I would edit @Robert's code to be this:
With Forms!frmExample.RecordsetClone
FindFirst "[ExampleID] = " & Me!cboExample
If Not .NoMatch Then
If Me.Dirty Then Me.Dirty = False
Forms!frmExample.Bookmark = .Bookmark
End If
End With
I see absolutely no reason to initialize a recordset variable when that recordset already exists and can be easily worked with inside a WITH block.

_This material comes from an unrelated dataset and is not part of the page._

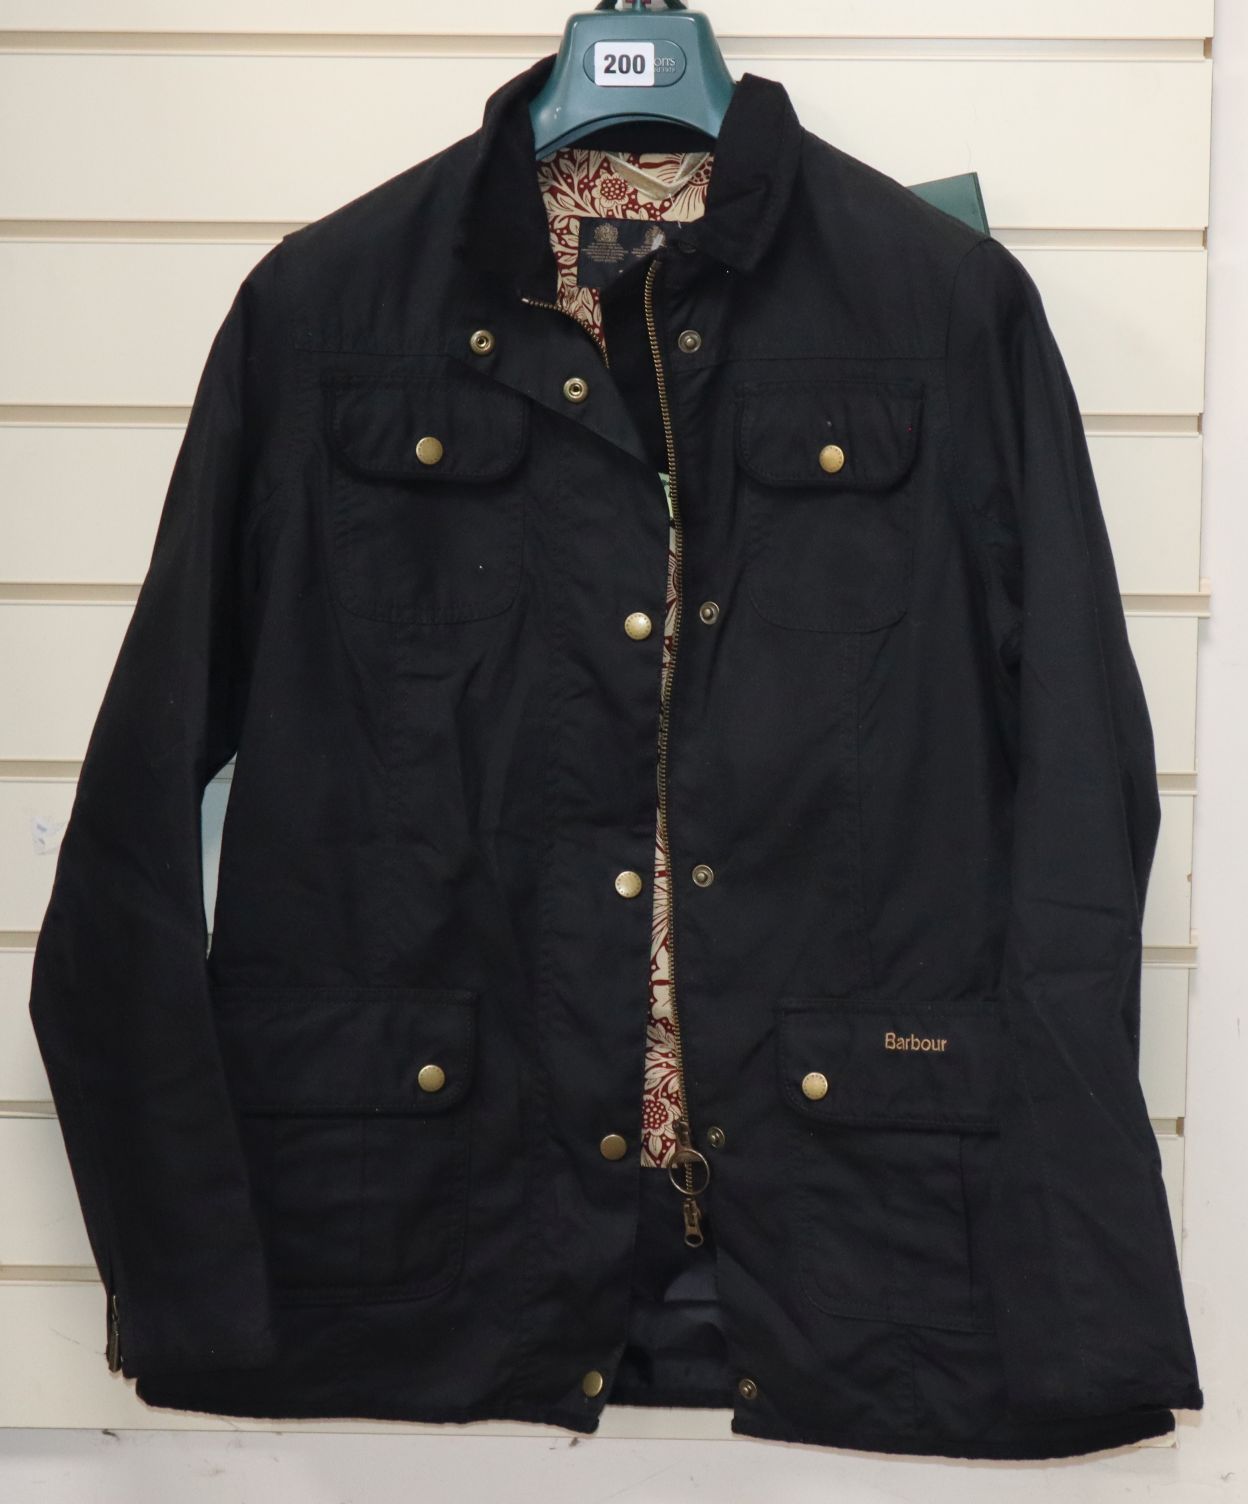 A new ladies Barbour black wax jacket with William Morris print lining, size 14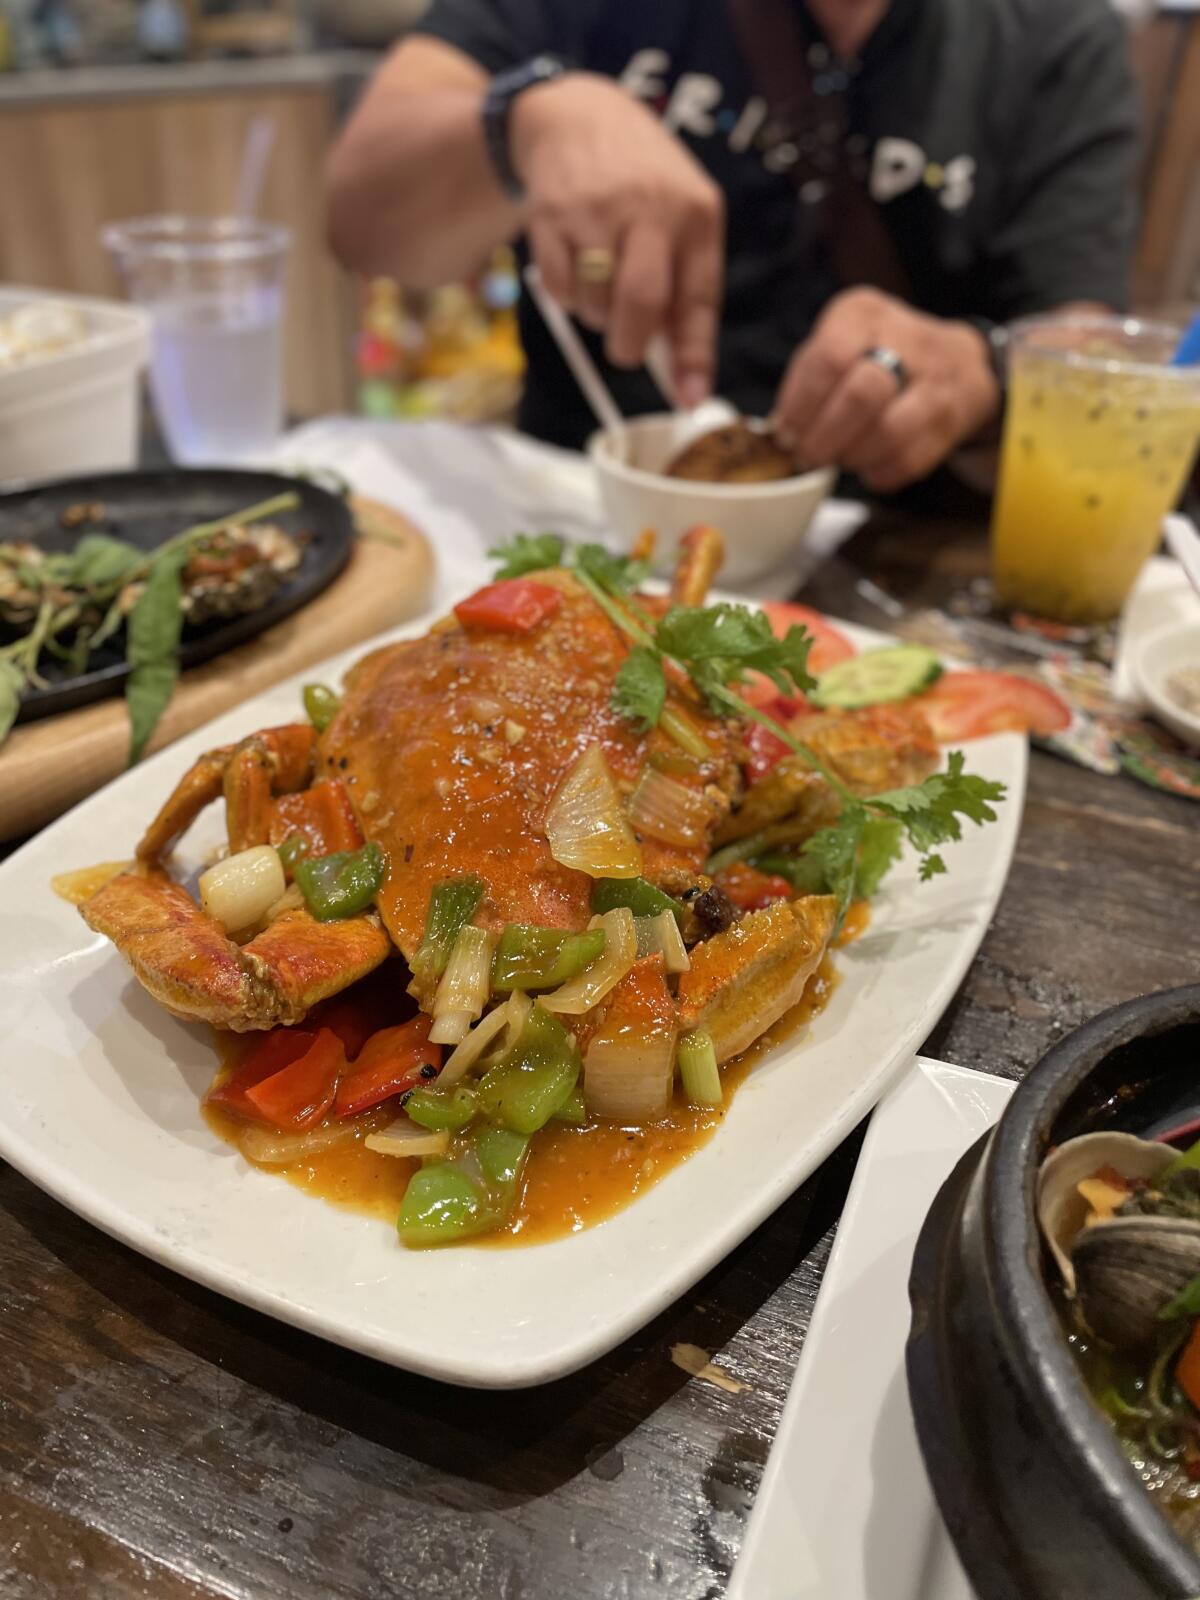 The House Special Crab at Oc & Lau will inspire oohs-and-aahs like nothing else.

Also, it's essential to save any edits before departing a record with bookmark navigation, because that forces all validation to happen explicitly, rather than implicitly in the record departure. Historically speaking, Jet bookmark navigation was prone to eating errors that occured in the implicitly invoked save. Presumably, along with the other bookmark bugs, that has been stamped out, but I just think it's better to save a dirty record explicitly rather than just assume everything is going to go swimmingly.
Rant:
The code for this operation that created by the wizards in recent versions of Access (before 2007, i.e., 2002 and 2003) is dreadful. It uses a declared recordset variable (as @Robert's code did), but doesn't clean it up after using it (i.e., setting it to Nothing). It also uses the form's Recordset.Clone, instead of the already existing .RecordsetClone (they are distinct objects). Last of all, instead of using .NoMatch, it uses "If Not rs.EOF", which just makes little sense. I've been told that the reason for this was so that it would work with forms that have ADO recordsets, but ADO recordsets don't have a .FindFirst method, so this is ludicrous. True, you could change just the .FindFirst to .Find and it would work, but it's just awful, awful code.